• [Work order]: In the records, each line holding "Group" must be reported.

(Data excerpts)
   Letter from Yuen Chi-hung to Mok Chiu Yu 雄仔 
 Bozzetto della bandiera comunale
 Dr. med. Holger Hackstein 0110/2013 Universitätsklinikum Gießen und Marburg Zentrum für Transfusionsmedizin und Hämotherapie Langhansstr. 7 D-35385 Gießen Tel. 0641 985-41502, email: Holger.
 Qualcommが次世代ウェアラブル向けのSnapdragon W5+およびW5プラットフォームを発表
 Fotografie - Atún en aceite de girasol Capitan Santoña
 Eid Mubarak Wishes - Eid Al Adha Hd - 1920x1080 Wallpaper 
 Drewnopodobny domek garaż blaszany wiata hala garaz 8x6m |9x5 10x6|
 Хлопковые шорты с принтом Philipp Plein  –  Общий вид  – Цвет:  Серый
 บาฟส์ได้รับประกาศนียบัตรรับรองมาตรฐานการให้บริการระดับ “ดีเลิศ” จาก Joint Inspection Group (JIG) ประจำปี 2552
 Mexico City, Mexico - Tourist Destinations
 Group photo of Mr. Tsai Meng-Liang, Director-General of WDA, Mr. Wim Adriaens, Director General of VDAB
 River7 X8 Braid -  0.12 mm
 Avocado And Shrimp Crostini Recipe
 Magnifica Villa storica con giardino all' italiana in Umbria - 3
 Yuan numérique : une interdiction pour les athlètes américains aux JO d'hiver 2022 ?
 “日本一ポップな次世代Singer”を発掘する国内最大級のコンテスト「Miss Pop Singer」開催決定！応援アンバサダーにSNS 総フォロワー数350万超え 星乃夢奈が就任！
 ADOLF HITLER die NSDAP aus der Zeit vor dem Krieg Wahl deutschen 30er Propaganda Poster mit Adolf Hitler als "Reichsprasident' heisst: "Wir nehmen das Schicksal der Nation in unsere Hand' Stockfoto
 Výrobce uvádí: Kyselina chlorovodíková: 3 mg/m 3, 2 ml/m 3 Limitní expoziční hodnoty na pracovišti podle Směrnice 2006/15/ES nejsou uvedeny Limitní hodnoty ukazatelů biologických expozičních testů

• [Exercise solution]:
 บาฟส์ได้รับประกาศนียบัตรรับรองมาตรฐานการให้บริการระดับ “ดีเลิศ” จาก Joint Inspection Group (JIG) ประจำปี 2552
 Group photo of Mr. Tsai Meng-Liang, Director-General of WDA, Mr. Wim Adriaens, Director General of VDAB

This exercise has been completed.